Does cancer cure take back seat to bottom line?

by Woody Weingarten
December 31, 2015

Extending cancer patients’ lives more profitable than preventing disease, says N.Y. Times scribe

Heidi Williams, MacArthur “genius” grantee

Want to know why preventing cancer isn’t the chief priority in development of drugs?

Answer: It’s not profitable enough.

According to The New York Times, “economic incentives encourage researchers to focus on treatment rather than prevention.”

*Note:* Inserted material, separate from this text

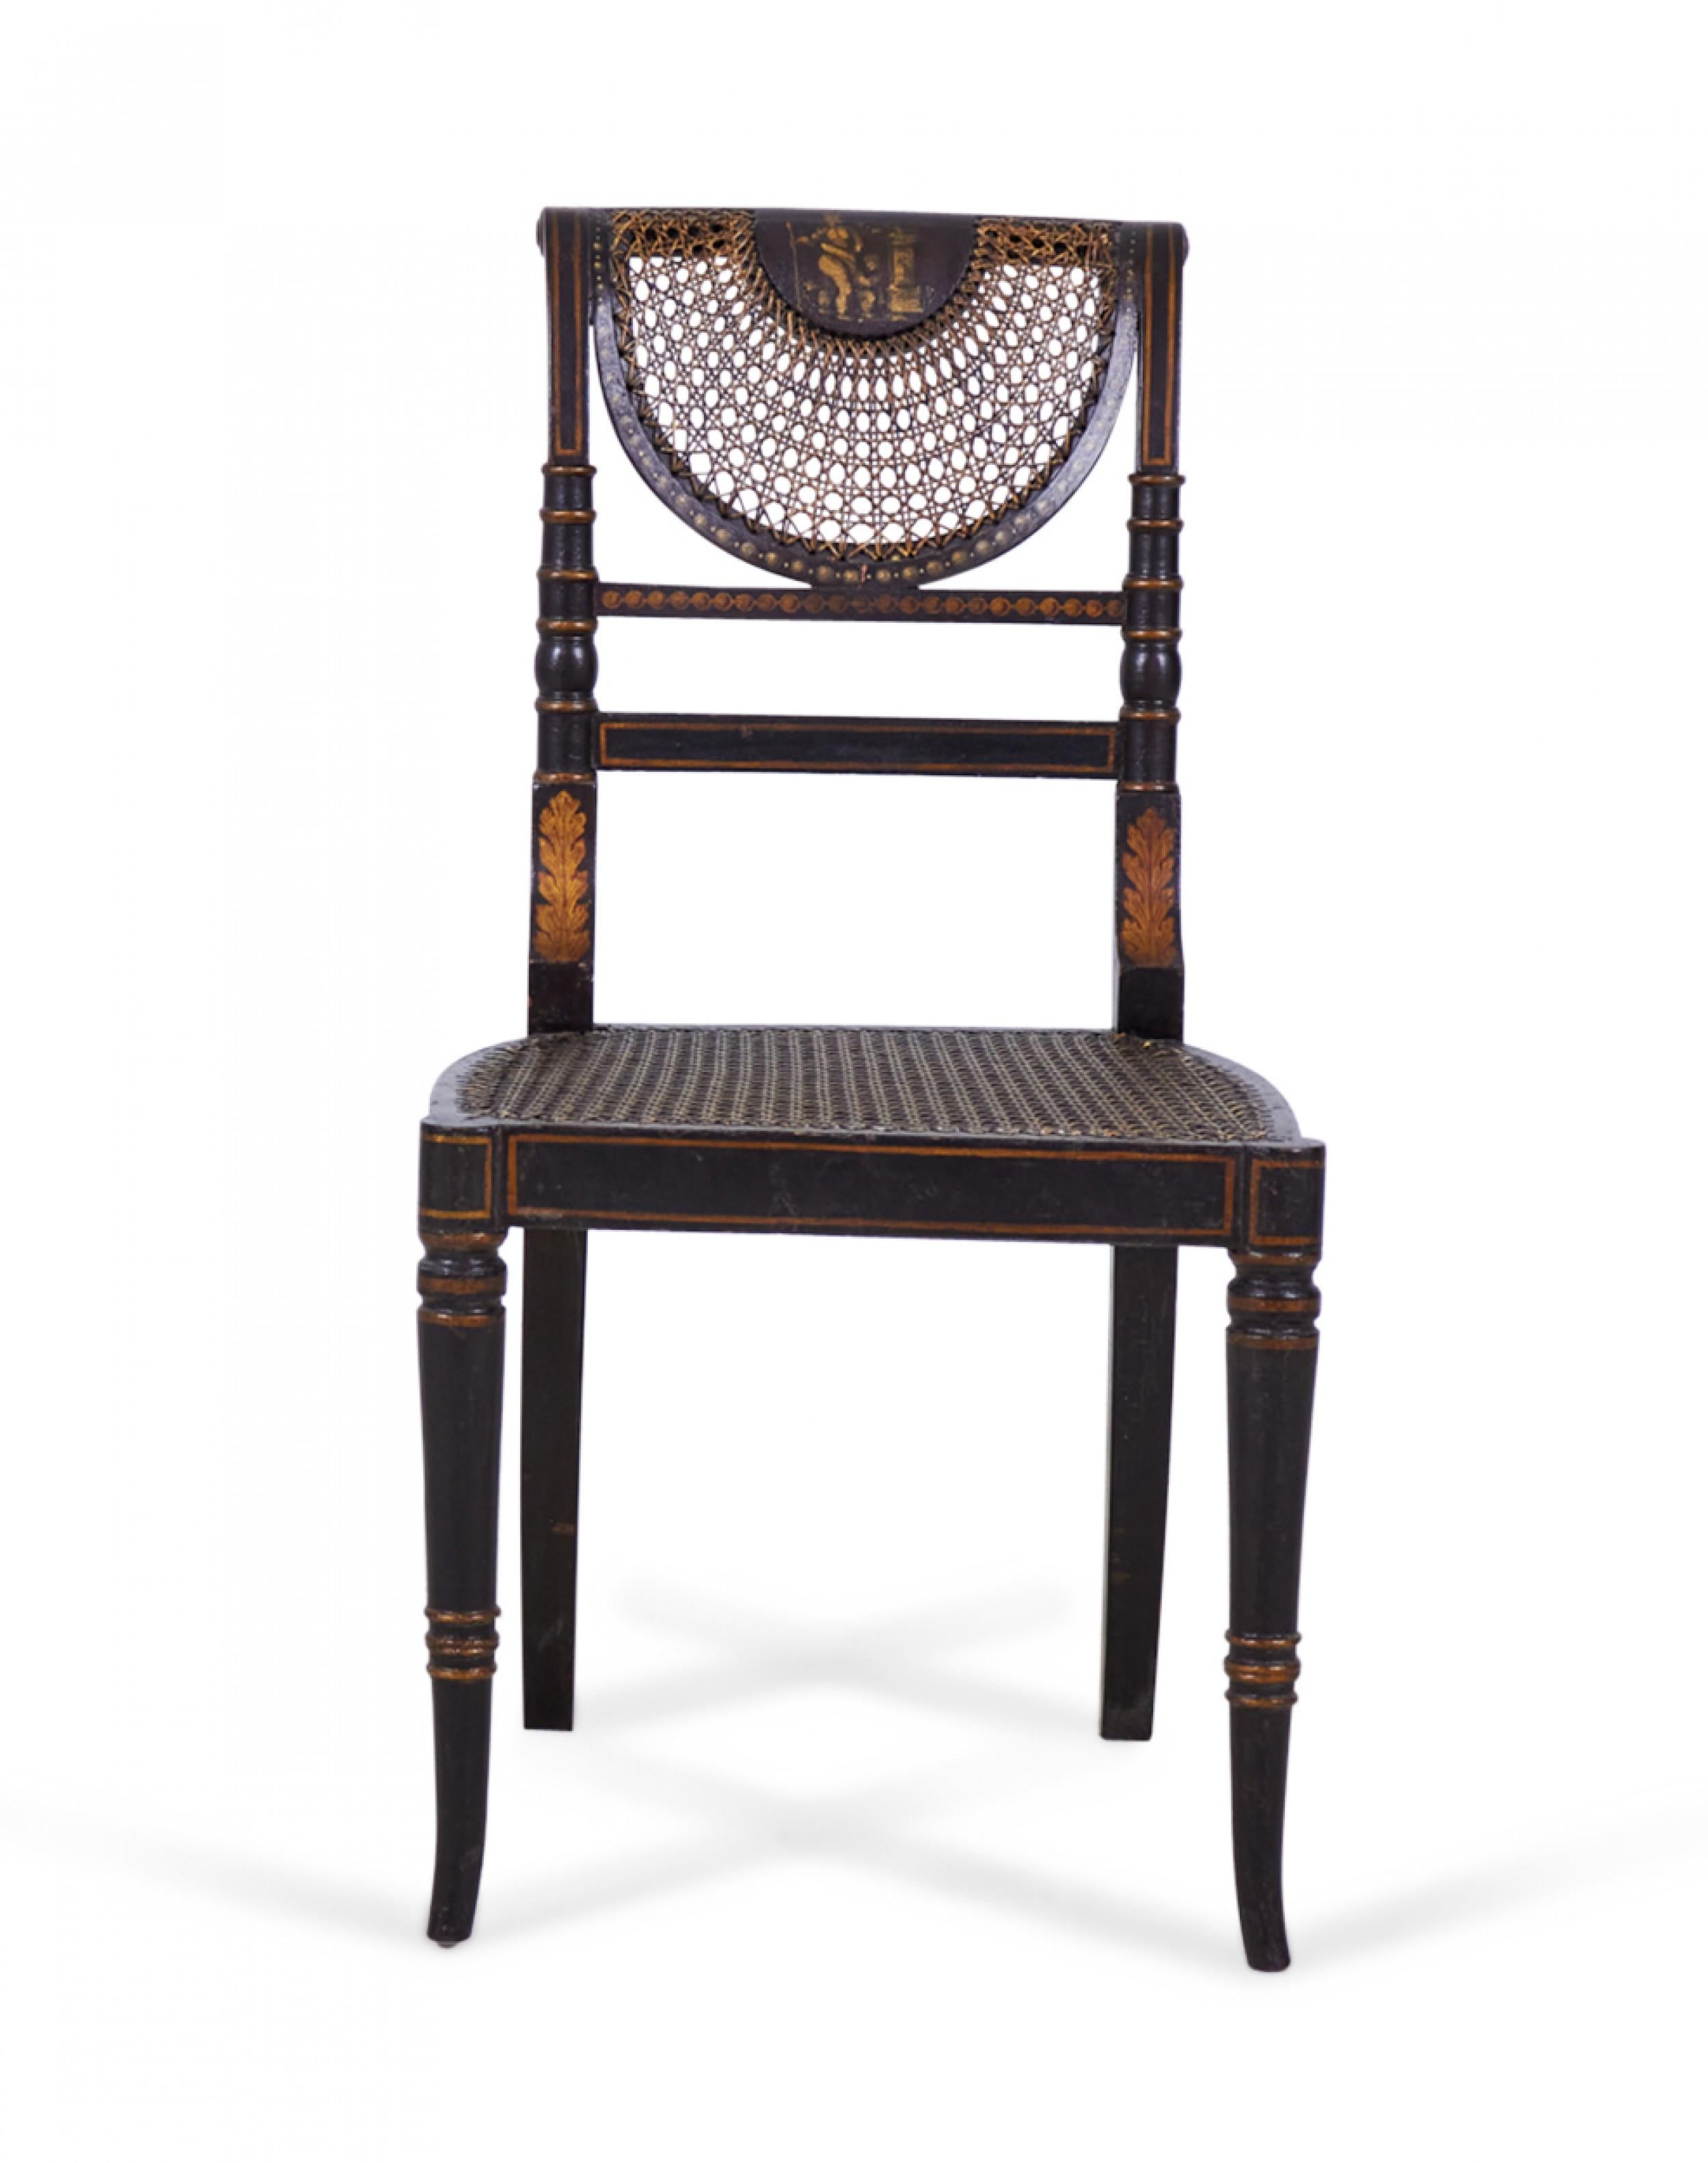 4 englische Regency-Stühle (19. Jh.) mit gedrechselten, schwarz und gold lackierten Gestellen, Sitzflächen aus Rohrgeflecht und fächerförmiger Rückenlehne.

A recent piece written by Austin Frakt and distributed in an online Times’ newsletter, “The Upshot,” charges that the sitution stems from the “way the patent system interacts with the Food and Drug Administration’s drug approval process” — an interaction that “skews what kinds of cancer clinical trials are run.”

Austin Frakt

Frakt contends there’s “more money to be made investing in drugs that extend cancer patients’ lives by a few months than in drugs that would prevent cancer in the first place.”

Those findings are based on the work of Heidi Williams, a MIT economics prof and MacArthur “genius” grant winner, and two other experts.

After patenting a drug, pharmaceutical companies “race the clock to show that their product is safe and effective” — so they can obtain FDA approval, Frakt notes. “The more quickly they can complete those studies, the longer they have until the patent runs out, which is the period of time during which profit margins are highest.”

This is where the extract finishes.